_Required work_
Transcribe the listing exactly; drop the images.
*** Data excerpt Section Begins ***
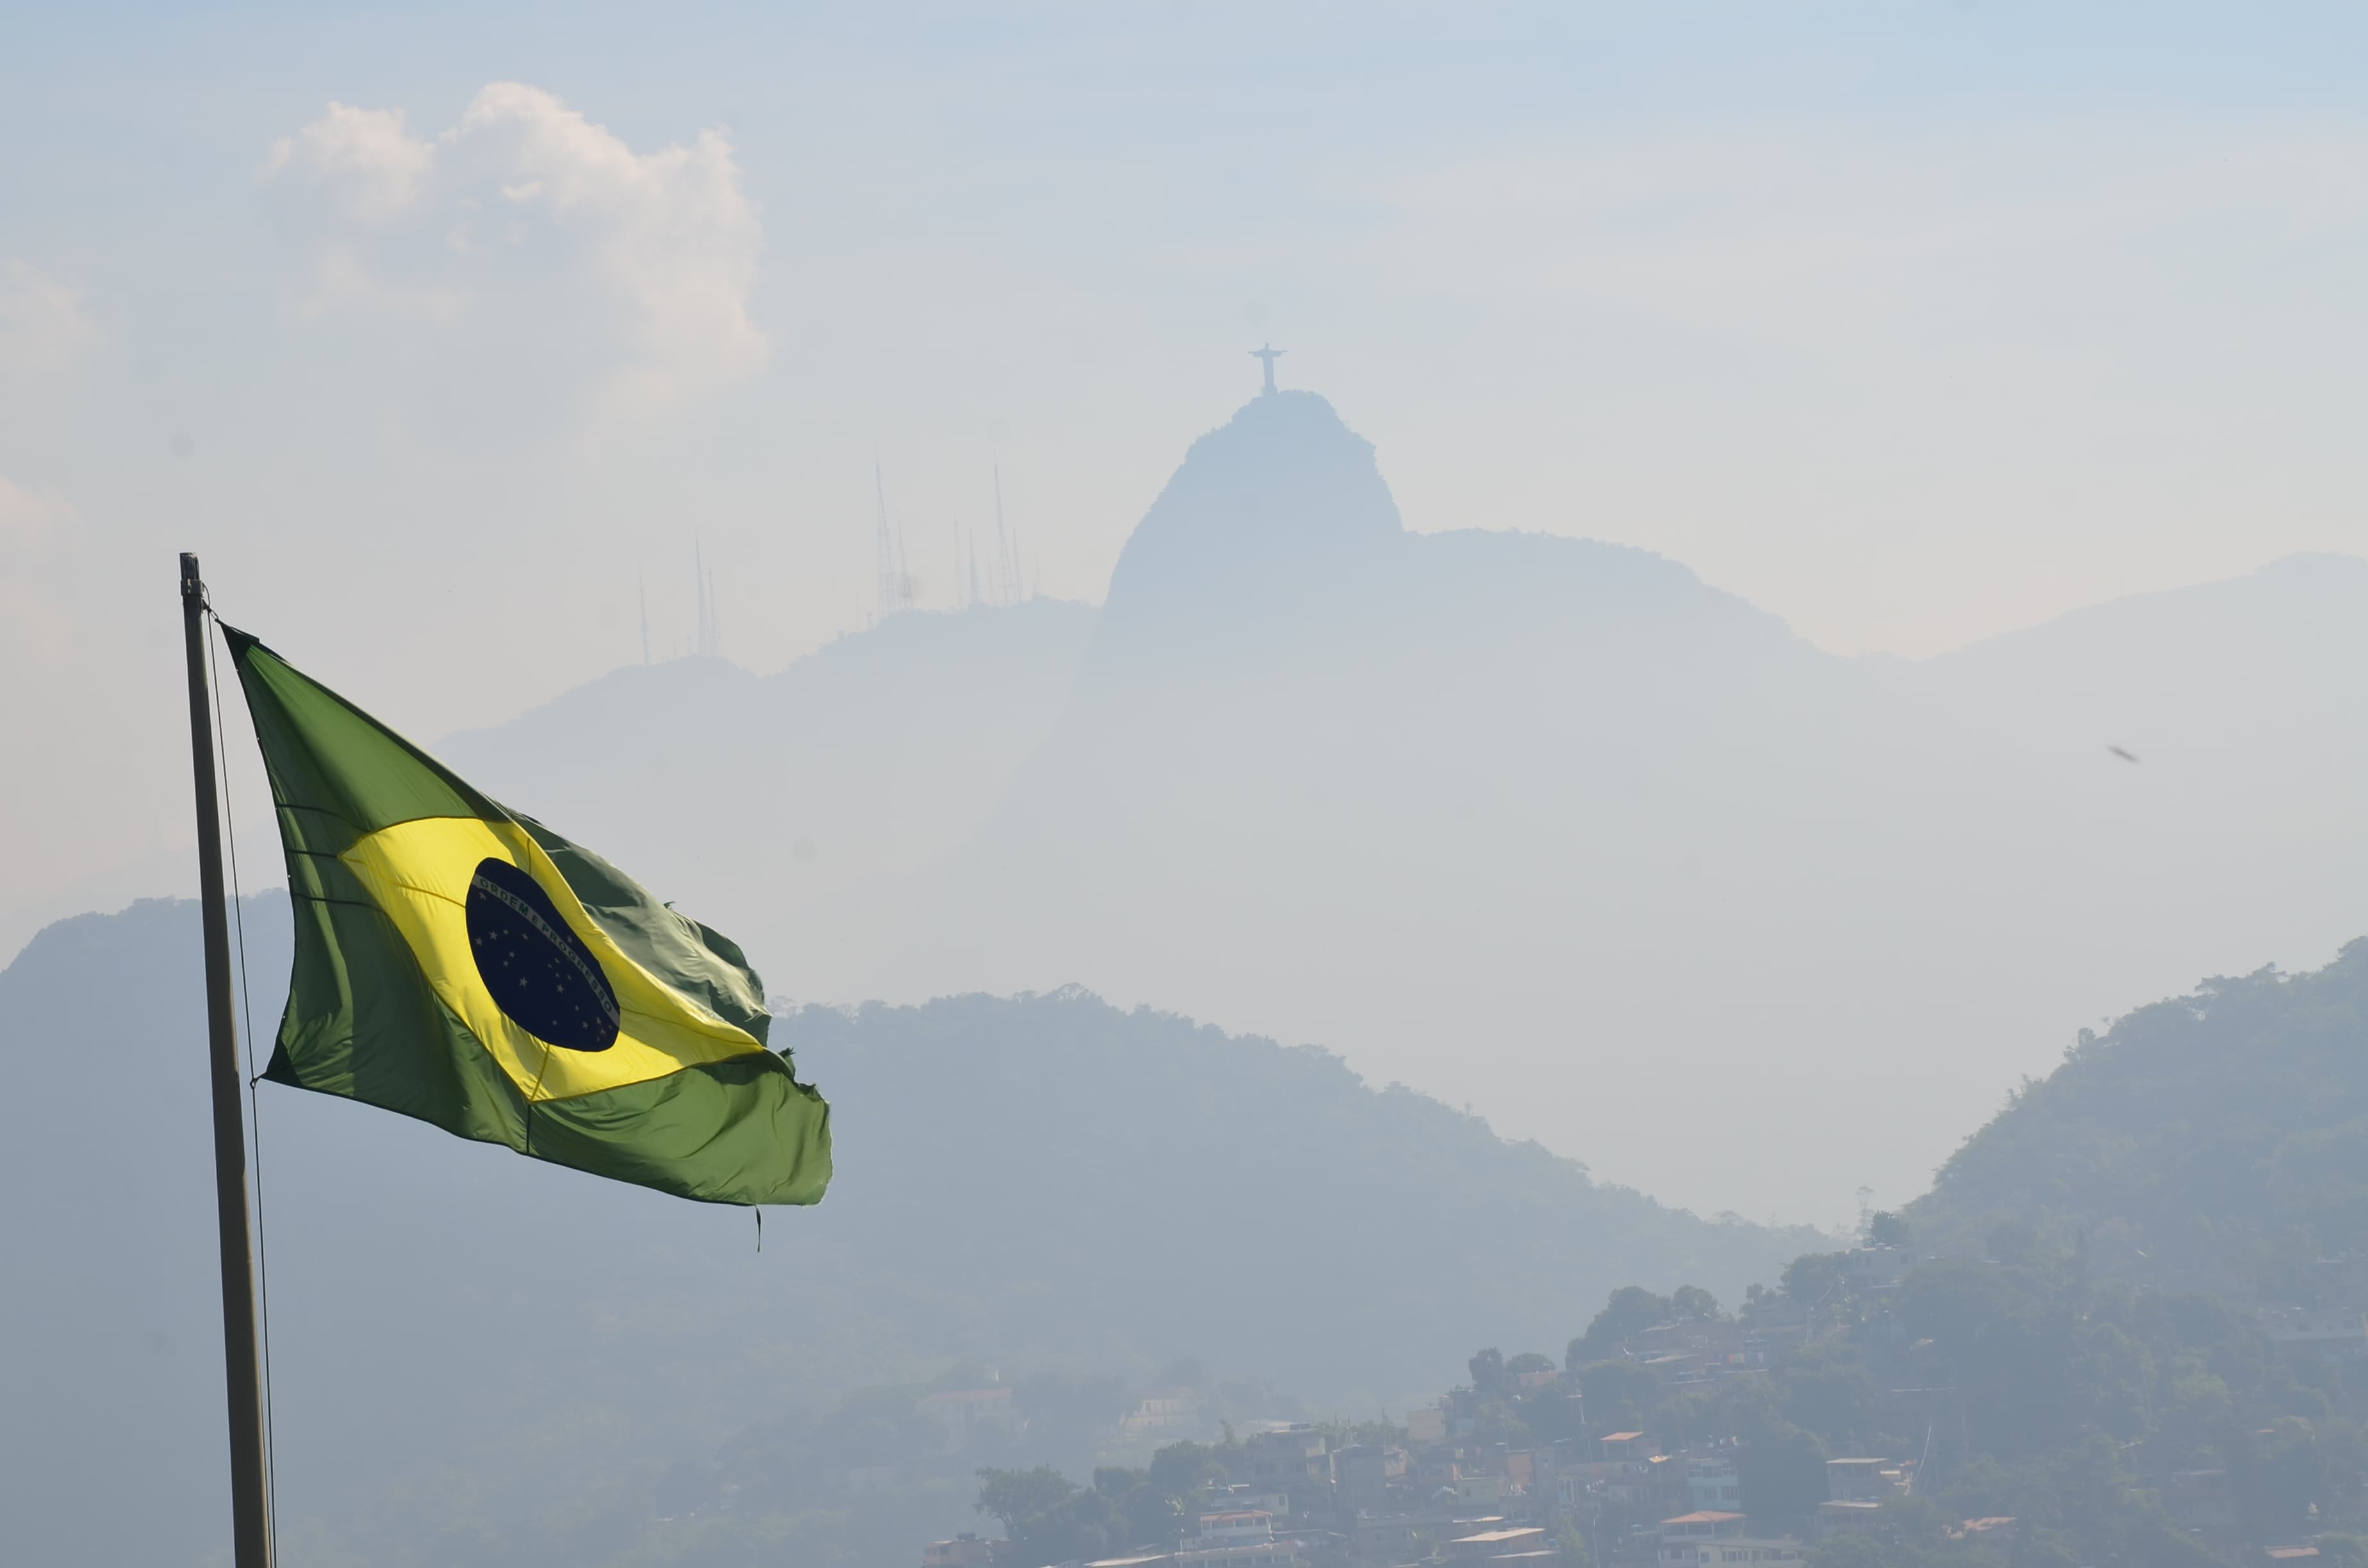 View of Corcovado from Forte Duque de Caxias in Rio de Janeiro, Brazil
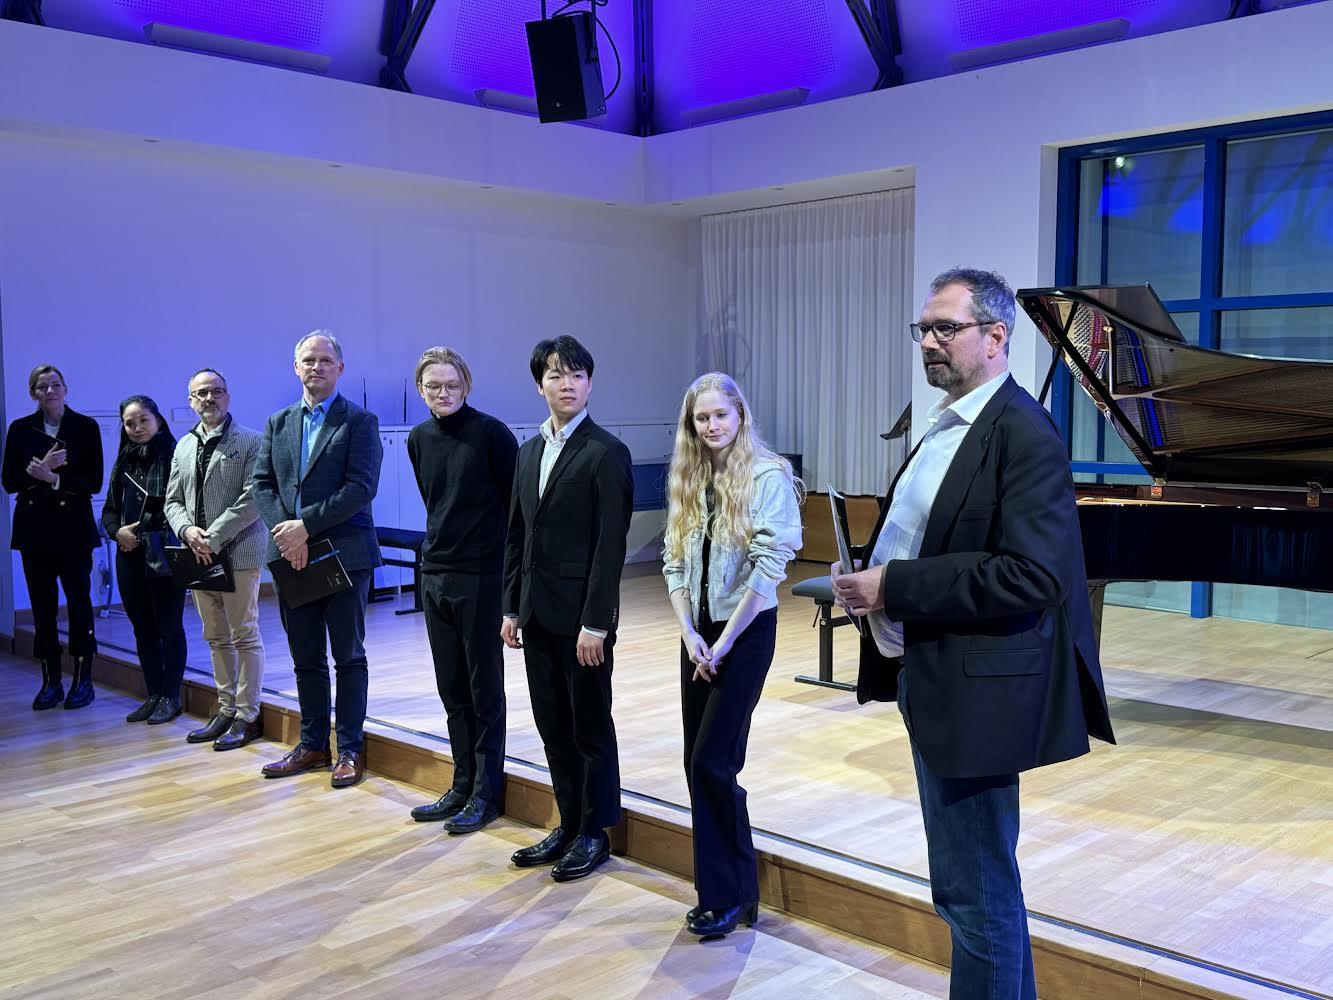 Die Stipendienvergabe beim Finale in Stuttgart: Studierende und Jury-Mitglieder stehen in einer Reihe vor einer kleinen Bühne mit Klavier. Die Personen schauen zu dem Mann ganz rechts, der gerade spricht.
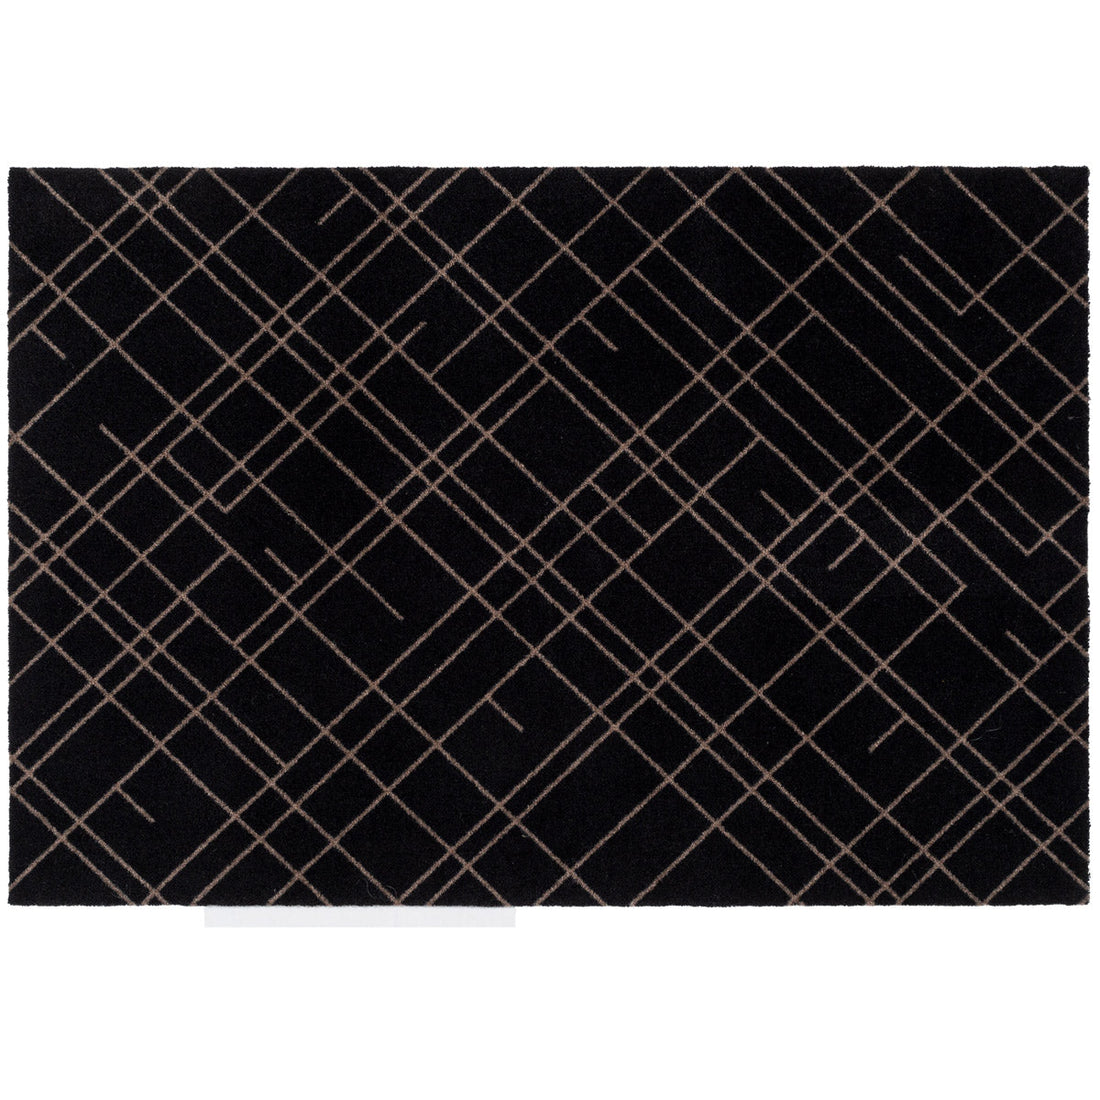 Golvmatta 90 x 130 cm - linjer/sand svart
*** Data excerpt Section Ends ***
_Output below_
 View of Corcovado from Forte Duque de Caxias in Rio de Janeiro, Brazil
 Die Stipendienvergabe beim Finale in Stuttgart: Studierende und Jury-Mitglieder stehen in einer Reihe vor einer kleinen Bühne mit Klavier. Die Personen schauen zu dem Mann ganz rechts, der gerade spricht.
 Golvmatta 90 x 130 cm - linjer/sand svart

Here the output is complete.